◆ **DATASET SECTION**

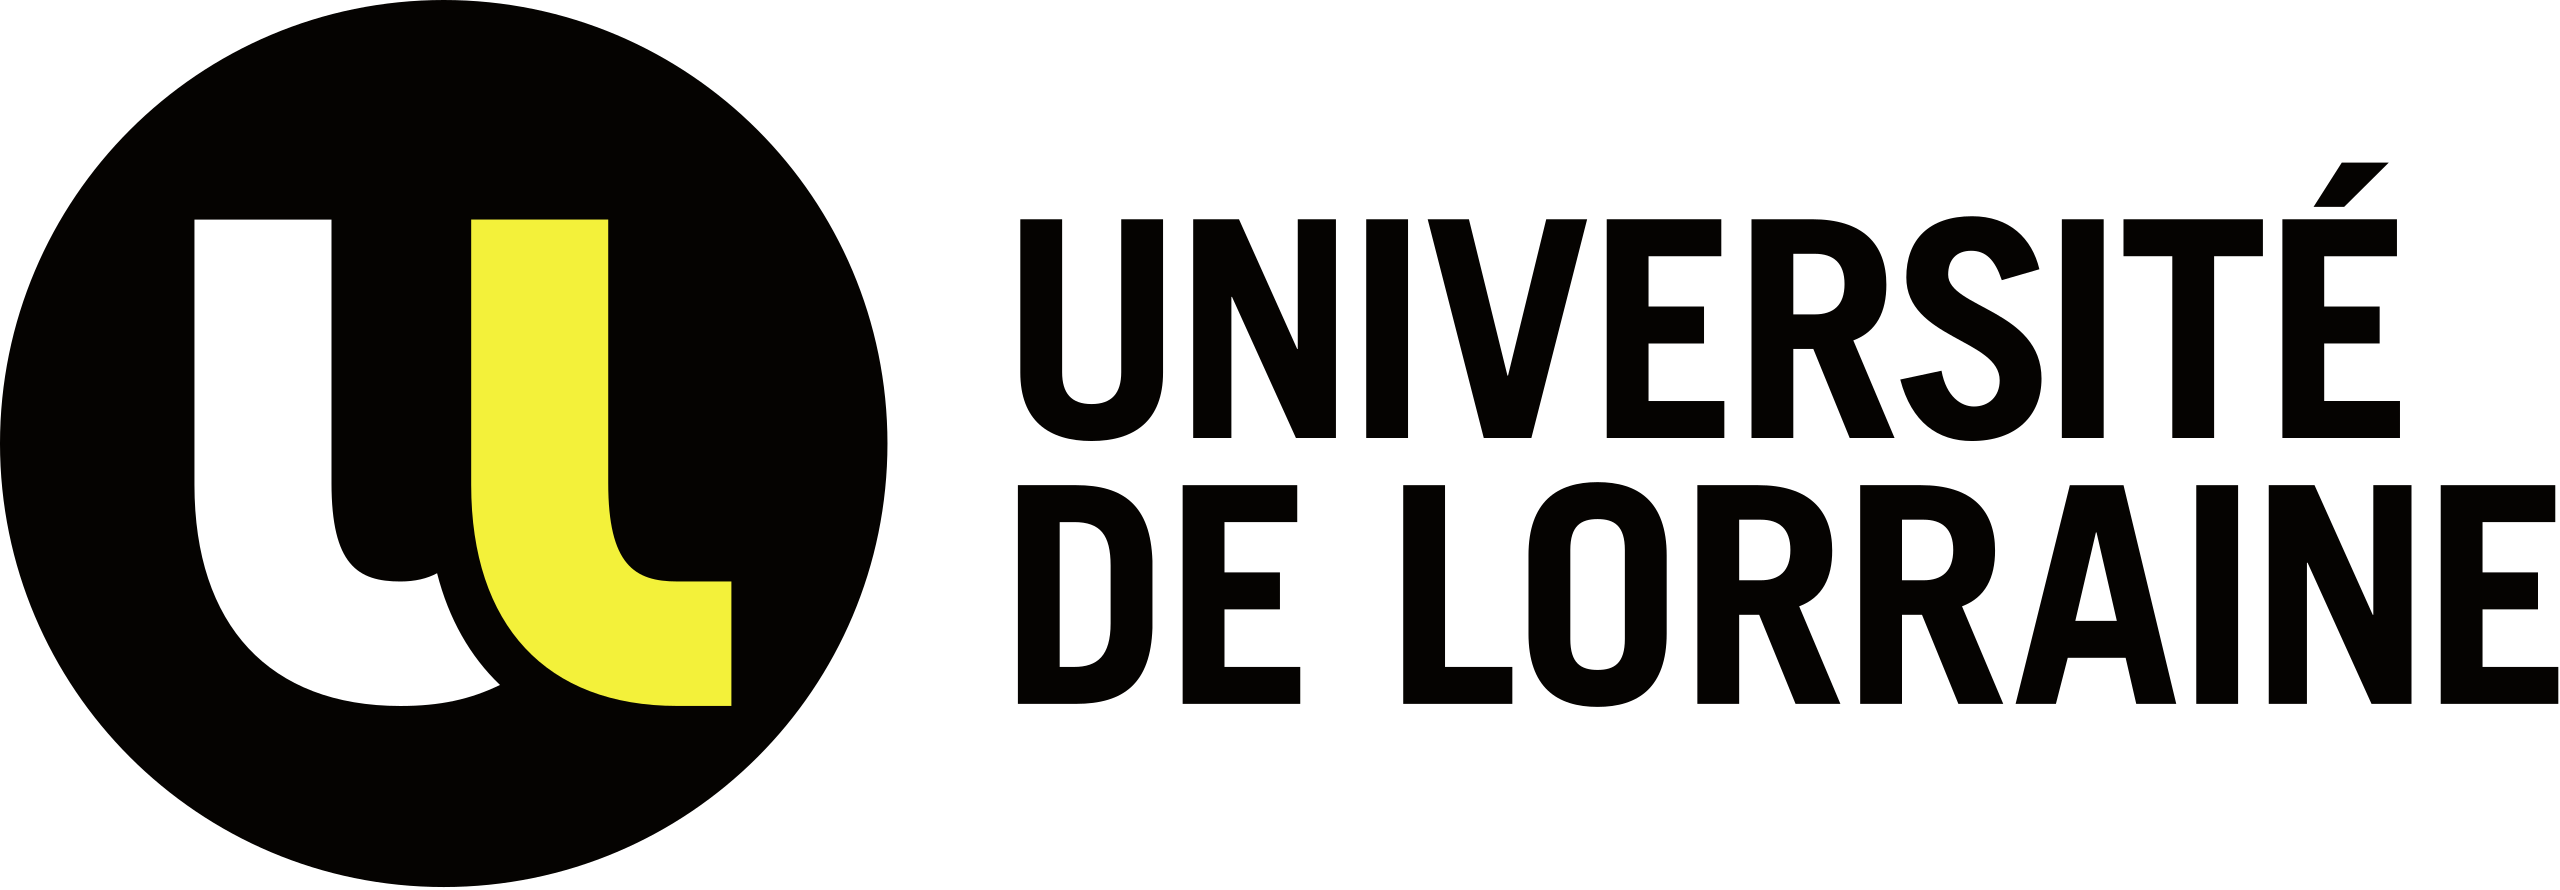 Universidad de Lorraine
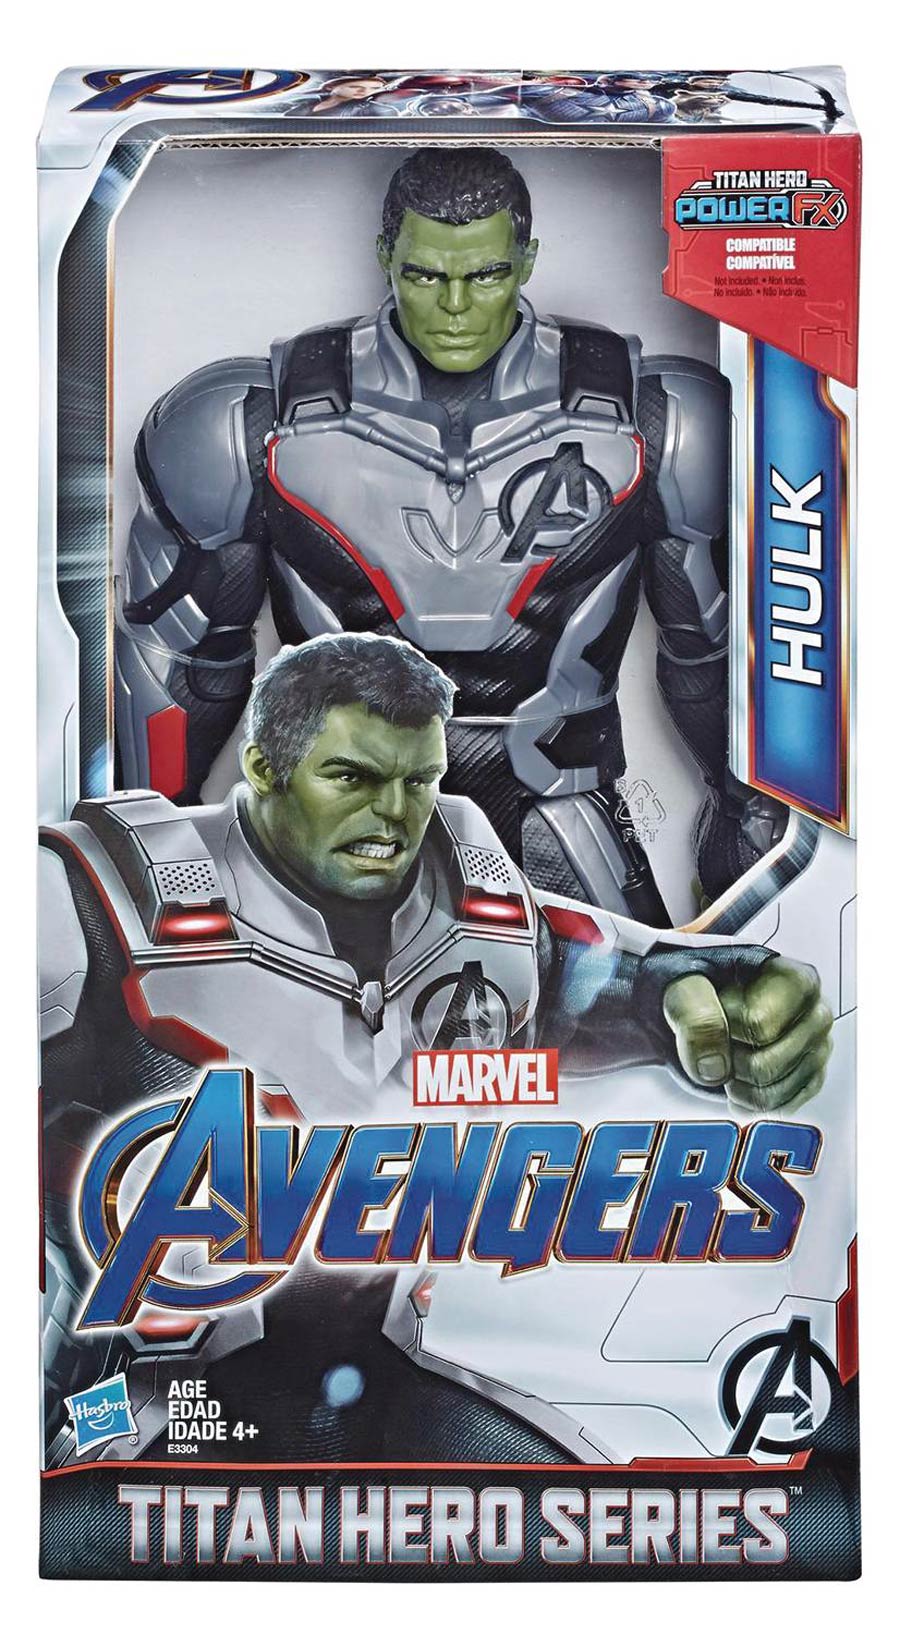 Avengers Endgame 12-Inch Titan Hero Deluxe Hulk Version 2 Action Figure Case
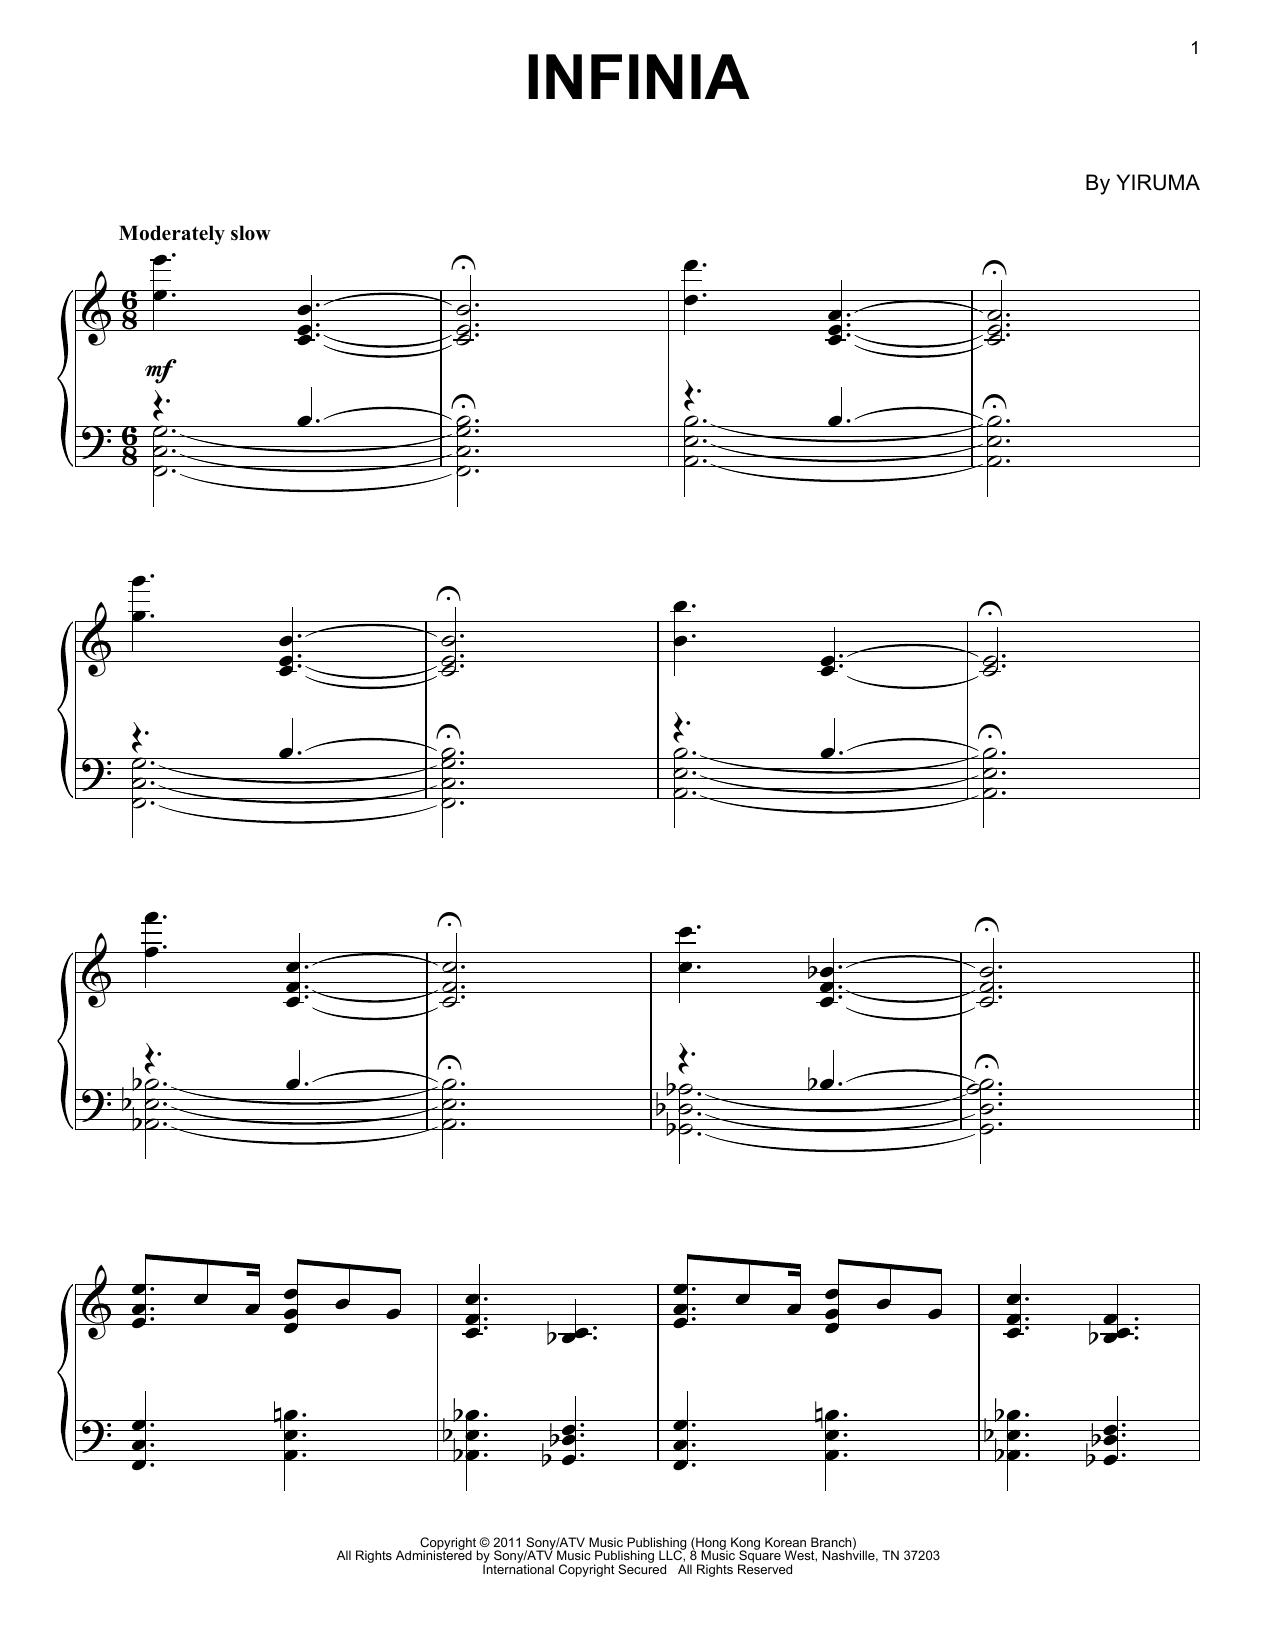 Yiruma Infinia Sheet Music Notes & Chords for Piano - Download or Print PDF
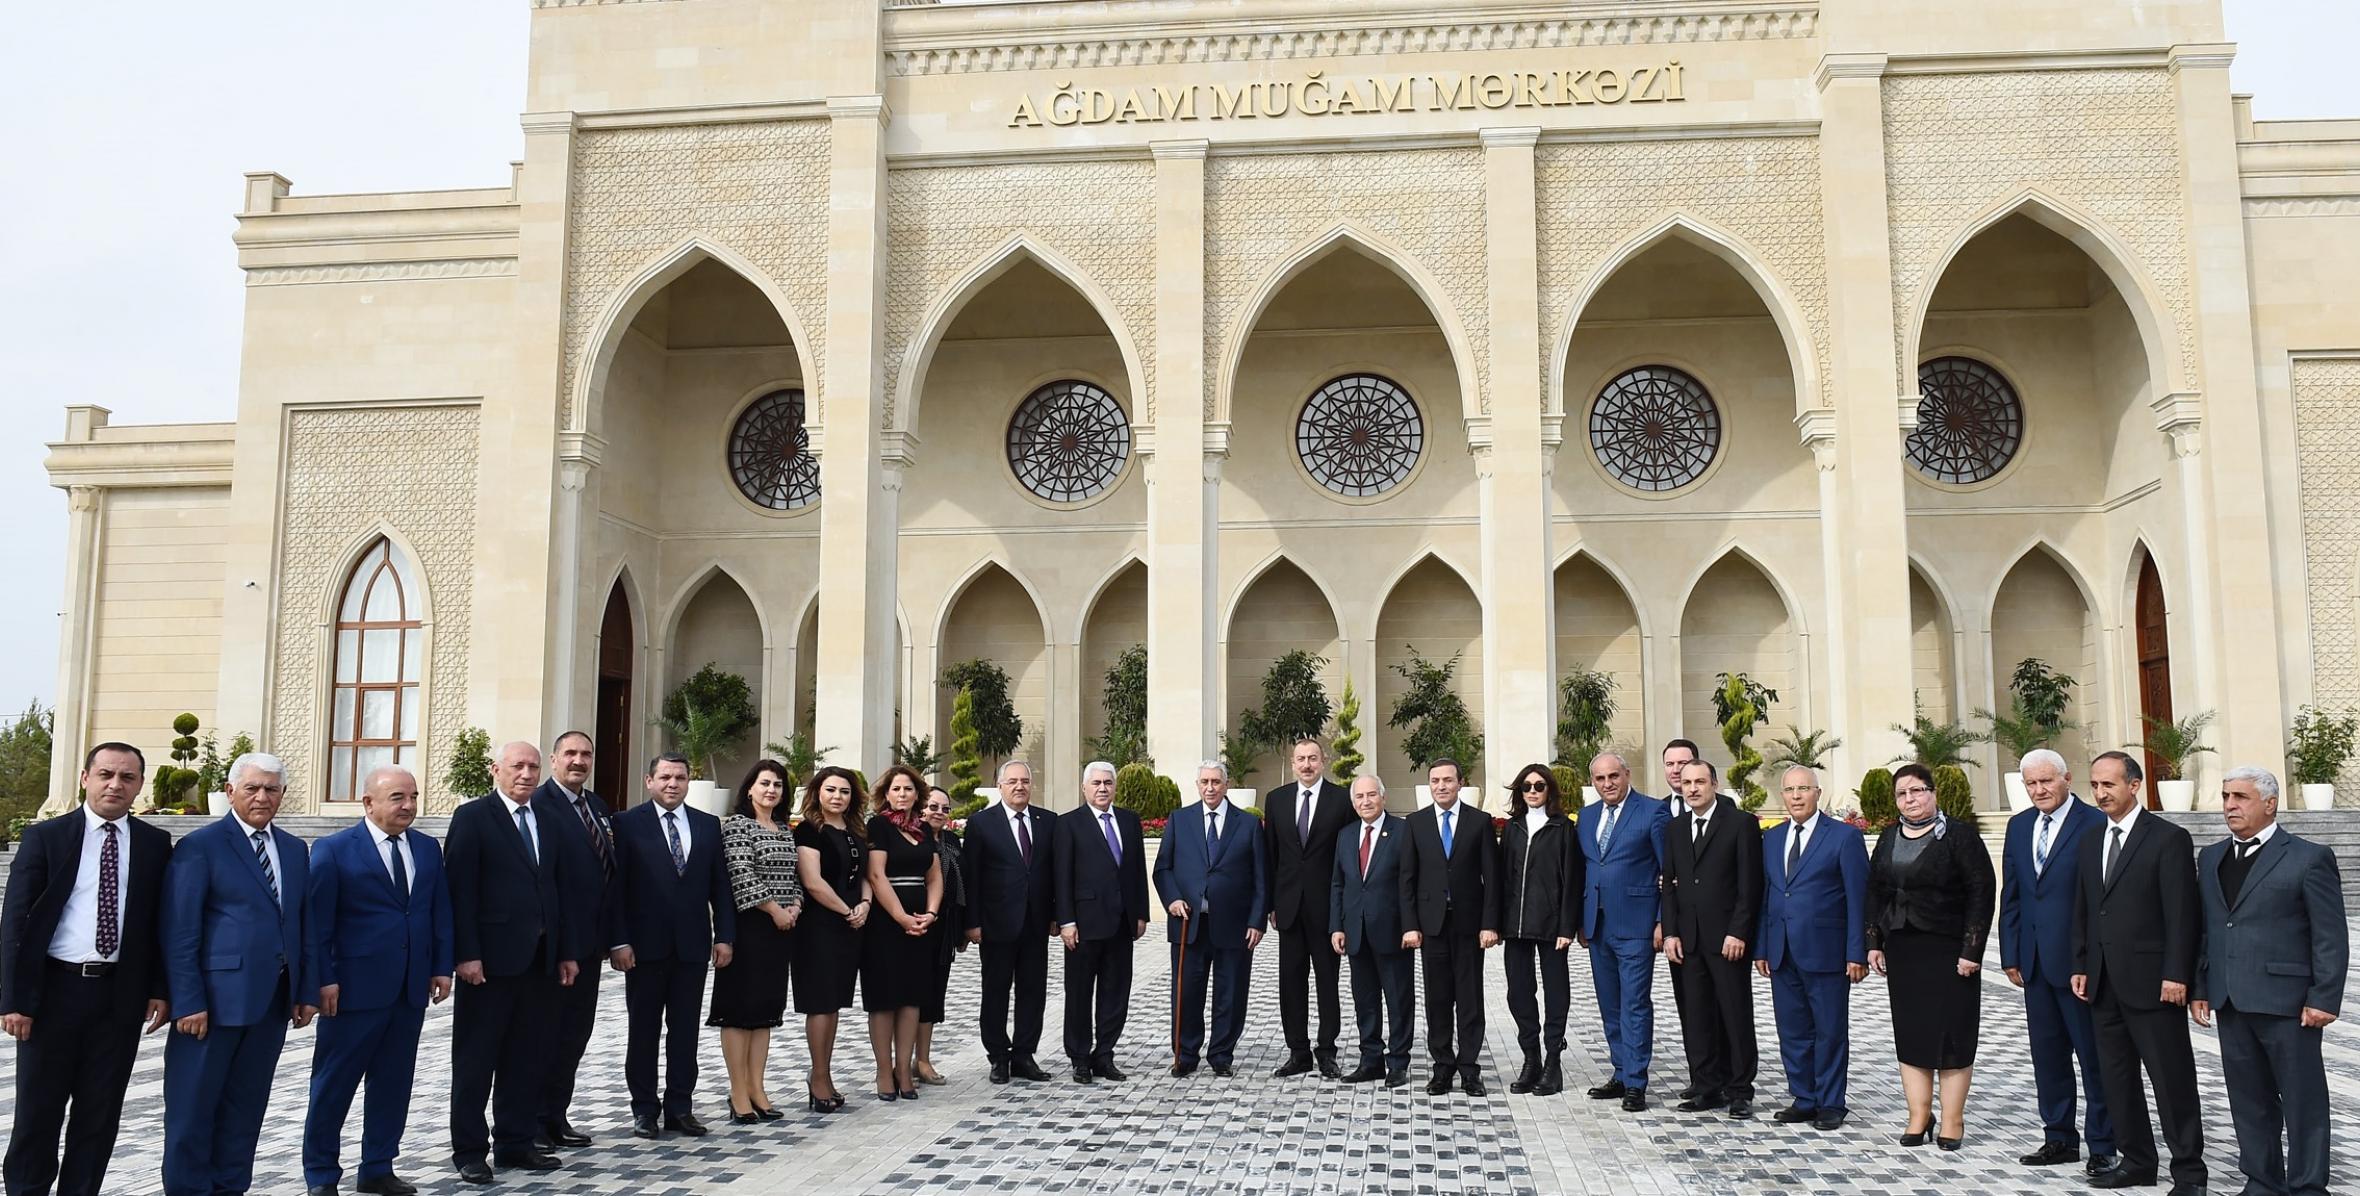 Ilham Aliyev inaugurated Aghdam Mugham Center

◆ **WHAT IS EXPECTED**
Each line above is to be repeated exactly as written; no picture is carried over.

◆ **EXERCISE SOLUTION**
 Universidad de Lorraine
 Avengers Endgame 12-Inch Titan Hero Deluxe Hulk Version 2 Action Figure Case
 Yiruma Infinia Sheet Music Notes & Chords for Piano - Download or Print PDF
 Ilham Aliyev inaugurated Aghdam Mugham Center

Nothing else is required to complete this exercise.